UNITED STATES
SECURITIES AND EXCHANGE COMMISSION
Washington, D.C. 20549
FORM 8-K
CURRENT REPORT
PURSUANT TO SECTION 13 or 15(d)
OF THE SECURITIES EXCHANGE ACT OF 1934
Date of report (Date of earliest event reported): December 20, 2013
Facebook, Inc.
(Exact Name of Registrant as Specified in Charter)
Delaware | 001-35551 | 20-1665019 | ||
(State or Other Jurisdiction of Incorporation) |
(Commission File Number) |
(IRS Employer Identification No.) |
1601 Willow Road | ||
Menlo Park, California | 94025 | |
(Address of Principal Executive Offices) | (Zip Code) |
(650) 543-4800
(Registrants Telephone Number, Including Area Code)
N/A
(Former Name or Former Address, if Changed Since Last Report)

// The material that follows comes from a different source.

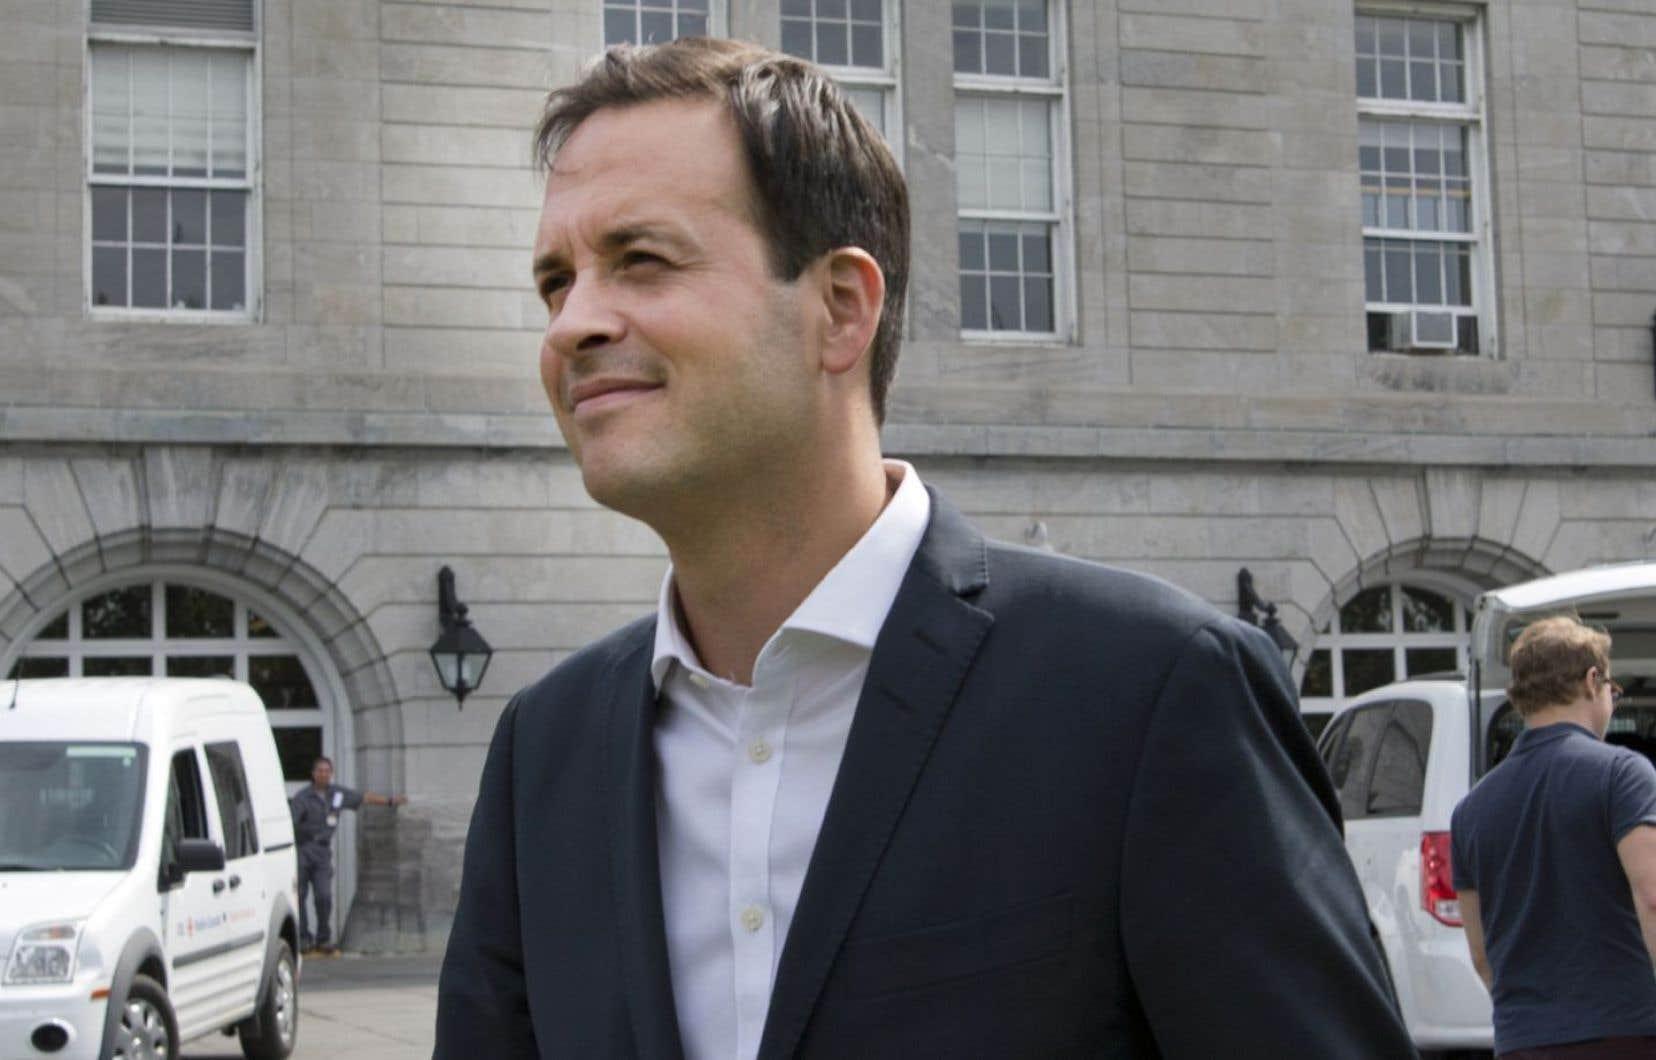 Alexandre Cloutier avait annoncé en janvier dernier qu'il terminerait son mandat de député, mais qu'il n'en solliciterait pas un nouveau.

Check the appropriate box below if the Form 8-K filing is intended to simultaneously satisfy the filing obligation of the Registrant under any of the following provisions:
¨ | Written communications pursuant to Rule 425 under the Securities Act (17 CFR 230.425) |
¨ | Soliciting material pursuant to Rule 14a-12 under the Exchange Act (17 CFR 240.14a-12) |
¨ | Pre-commencement communications pursuant to Rule 14d-2(b) under the Exchange Act (17 CFR 240.14d-2(b)) |
¨ | Pre-commencement communications pursuant to Rule 13e-4(c) under the Exchange Act (17 CFR 240.13e-4(c)) |
Item 1.01. Entry into a Material Definitive Agreement.

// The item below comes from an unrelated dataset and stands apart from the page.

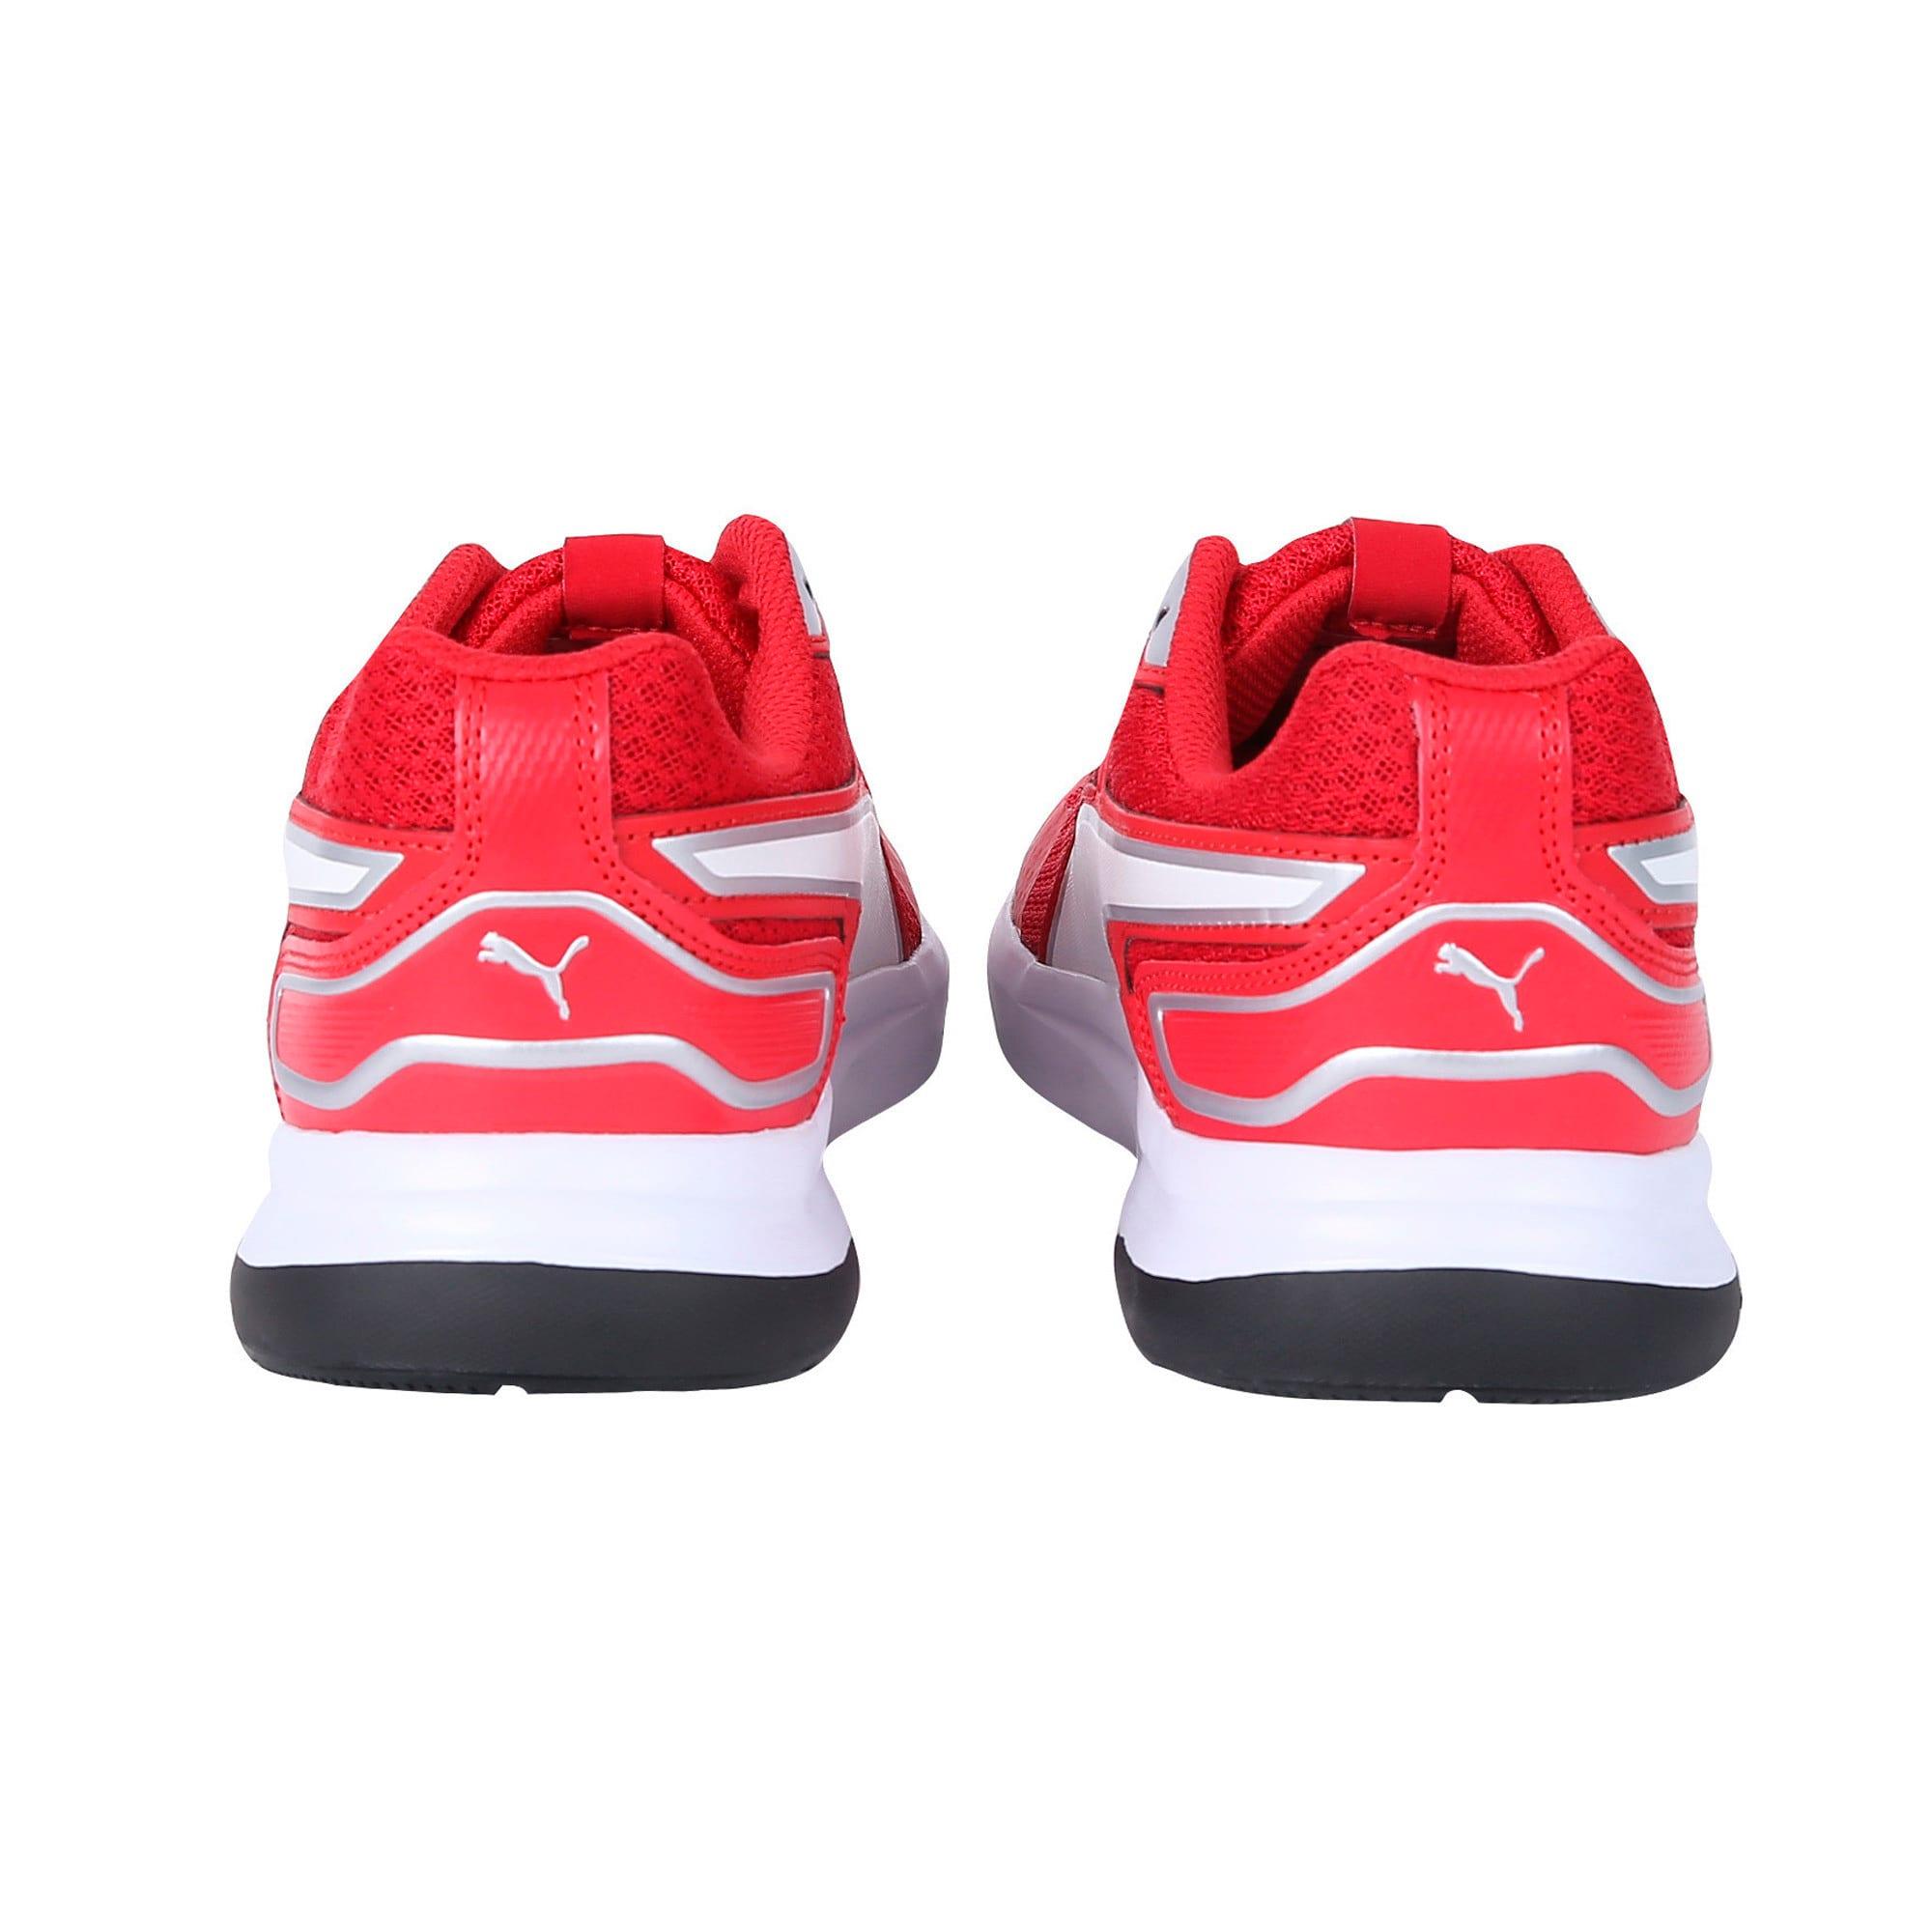 Thumbnail 3 of Escaper Tech Sneakers, Ribbon Red-Puma Wh-Puma Blk, medium-IND

On December 20, 2013, Facebook, Inc. (the Company) entered into an underwriting agreement (the Underwriting Agreement) with J.P. Morgan Securities LLC, as representative of the several underwriters named in Schedule II thereto (the Underwriters) and certain selling stockholders named in Schedule I thereto, that relates to the public offering, issuance and sale of 70,000,000 shares of Class A common stock of the Company, par value $0.000006 per share (Class A Common Stock), which consists of 27,004,761 shares of Class A Common Stock to be issued and sold by the Company and 42,995,239 shares of Class A Common Stock to be sold by the selling stockholders, including 41,350,000 shares of Class A Common Stock to be sold by Mark Zuckerberg (the Offering). The Offering will be made pursuant to the Companys Registration Statement on Form S-3 (File No. 333-192944) that was filed with the U.S. Securities and Exchange Commission and became immediately effective on December 19, 2013. The public offering price of the Offering is $55.05 per share and the Company estimates that the net proceeds from the Offering will be approximately $1.48 billion after deducting underwriting discounts and commissions and estimated Offering expenses.

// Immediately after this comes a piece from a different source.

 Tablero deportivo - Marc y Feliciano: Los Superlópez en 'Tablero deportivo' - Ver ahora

The Company intends to use the net proceeds from the Offering for working capital and other general corporate purposes. The Company will not receive any proceeds from the sale of shares by the selling stockholders. The Company expects that the majority of the net proceeds Mr. Zuckerberg will receive upon the sale of shares in the Offering will be used to satisfy taxes that he incurred in connection with his exercise, in full, of an outstanding stock option to purchase 60,000,000 shares of the Companys Class B common stock, par value $0.000006 per share.
A copy of the Underwriting Agreement is filed as Exhibit 1.1 to this Current Report on Form 8-K and is incorporated herein by reference. The foregoing description of the Underwriting Agreement is qualified in its entirety by reference to the full text of the Underwriting Agreement, which is filed as Exhibit 1.1 to this Current Report on Form 8-K.
The Underwriters and their respective affiliates have provided in the past to the Company and its affiliates, and may provide to the Company and its affiliates from time to time in the future, certain commercial banking, financial advisory, investment banking and other services in the ordinary course of business, for which they have received and may receive customary payments of interest, fees and commissions. In addition, certain affiliates of certain of the respective Underwriters are lenders under the Companys unsecured revolving credit facility.
Item 8.01. Other Events.
On December 20, 2013, the Company issued a press release announcing the pricing of the Offering. A copy of the press release is filed as Exhibit 99.1 to this Current Report on Form 8-K and is incorporated herein by reference.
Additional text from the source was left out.